How to use the NCBI ressources from the command line and not be lost in the NCBI huge documentation
Sequencing data are usually in a SRA format and can be fetched using the run number (usually starting with SRR). If you have the run number, go directly to the downloading step. If not, you need to have something which refer to a NCBI archive (BioSample number, Experiment number, project number, ...).

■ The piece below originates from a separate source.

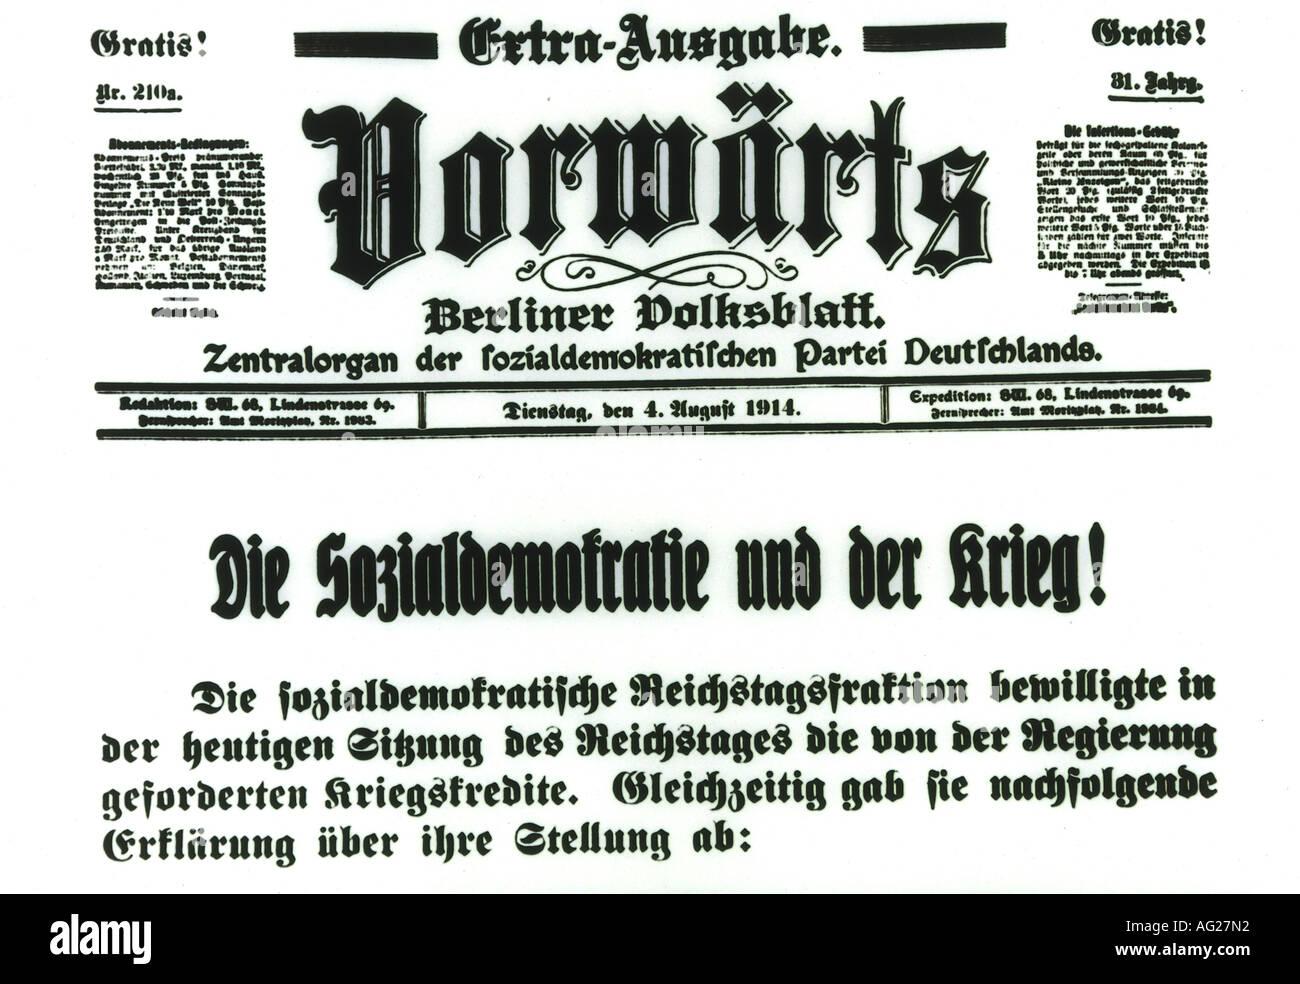 """Premere/media, giornali/riviste, """"Vorwärts"""", 4.8.1914, Titel, democrazia sociale, DOCUP, la prima guerra mondiale/WWI, giornale, Germania, ventesimo secolo , Additional-Rights-giochi-NA Immagini Stock"""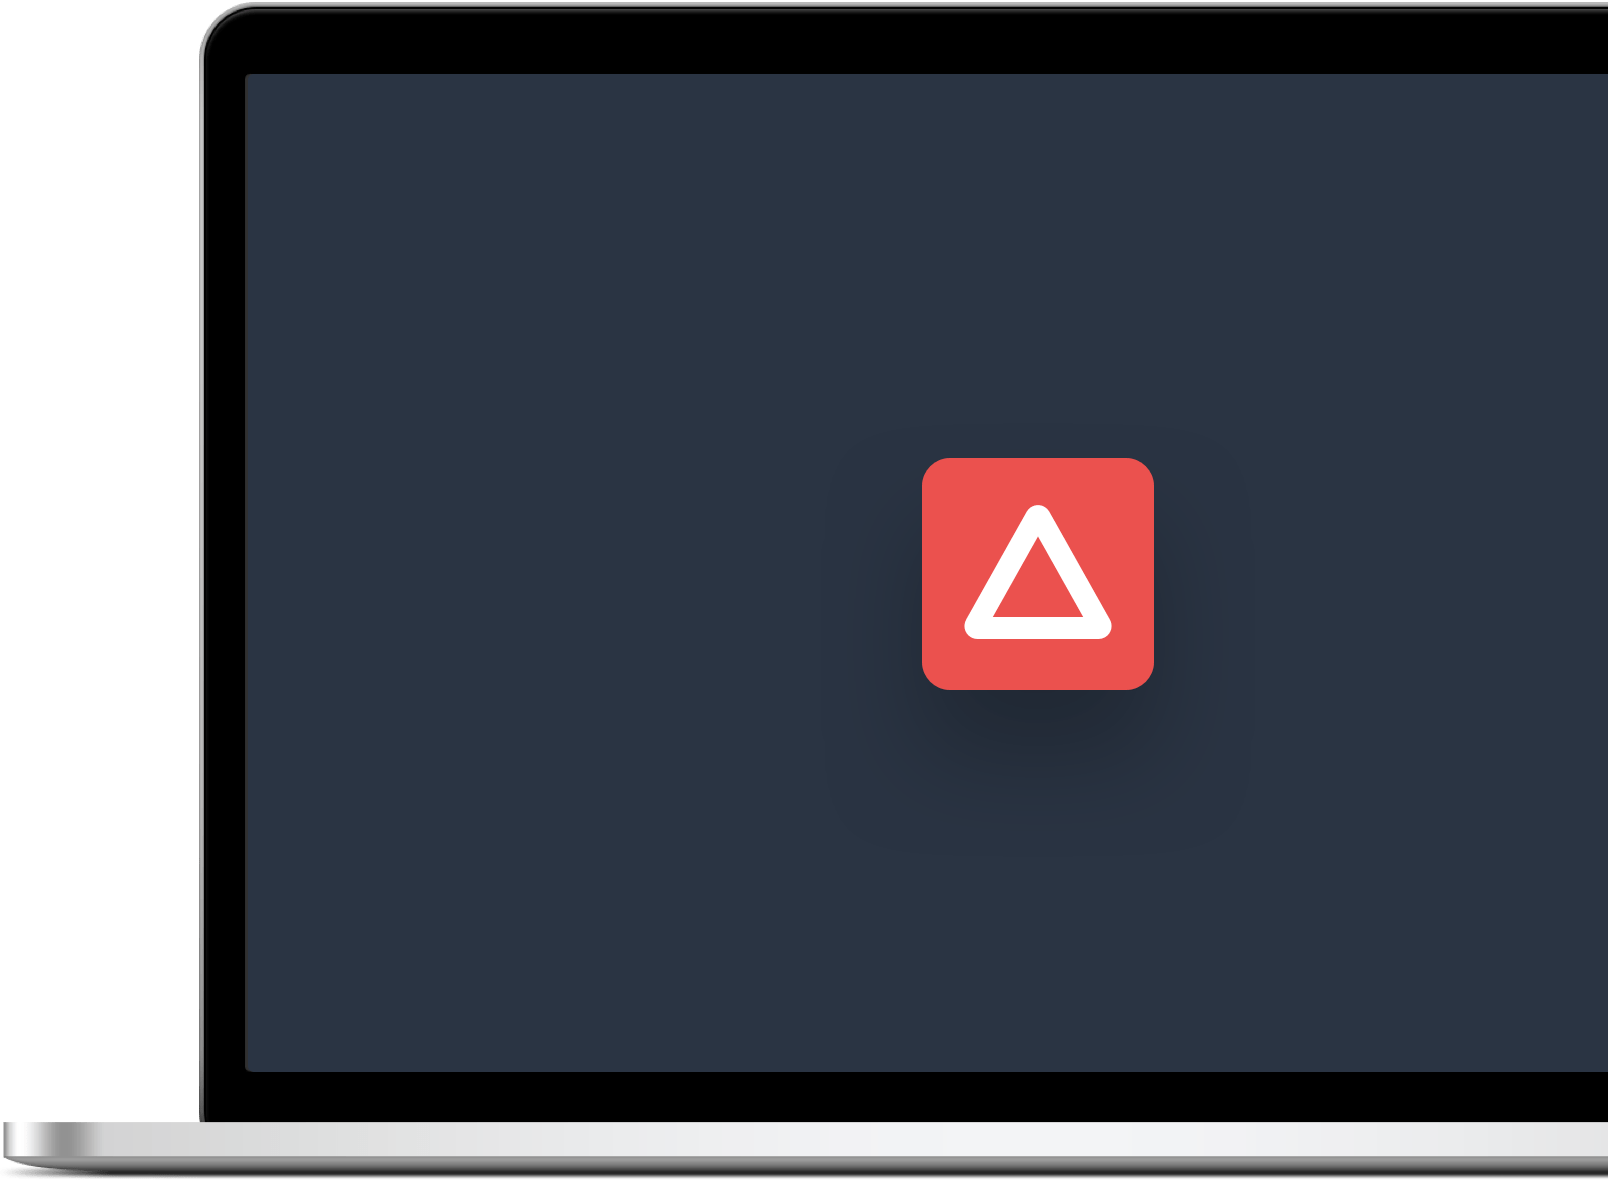 portátil con un diseño cargado en la pantalla

The best is to use whatever you have and to search for it at https://www.ncbi.nlm.nih.gov/Traces/study/. If you need to download all SRA files of one project, use the project number (starts with PRJNA), the website will lead you to a page with all the samples within the project and you can from there download the SraRunTable.txt
file by clicking on 'RunInfo Table'. This file contains all informations about each sample, including the run number which allows you to download the data in sra format. You can also get only the run number by clicking on 'Accession List', giving you the SRR_Acc_List
. You can directly use the later in a while loop to download your data.
The 3 important fields for the search and the downloading of the SraRunTable.txt
and SRR_Acc_List.txt
are highlighted in yellow.
There are different ways to download a sra file, you need in all case sratoolkit (should work on Linux and Mac OS X)
Get directly the SRA file uploaded locally (per defaul in /home/user/ncbi/public/sra). Check https://www.biostars.org/p/159950/ if you have trouble with disk space quota or go directly to the method using wget.
while read name; do
prefetch $name
done < SRR_Acc_List.txt
You still need to convert sra into fastq format.
For single-end or paired-end data
for i in *sra; do
fastq-dump --split-3 $i
done
Note that you can directly get compressed fastq files by adding the argument --gzip
to the fastq-dump
command.
For paired-end data, 2 fastq files will be generated, each having 1 mate.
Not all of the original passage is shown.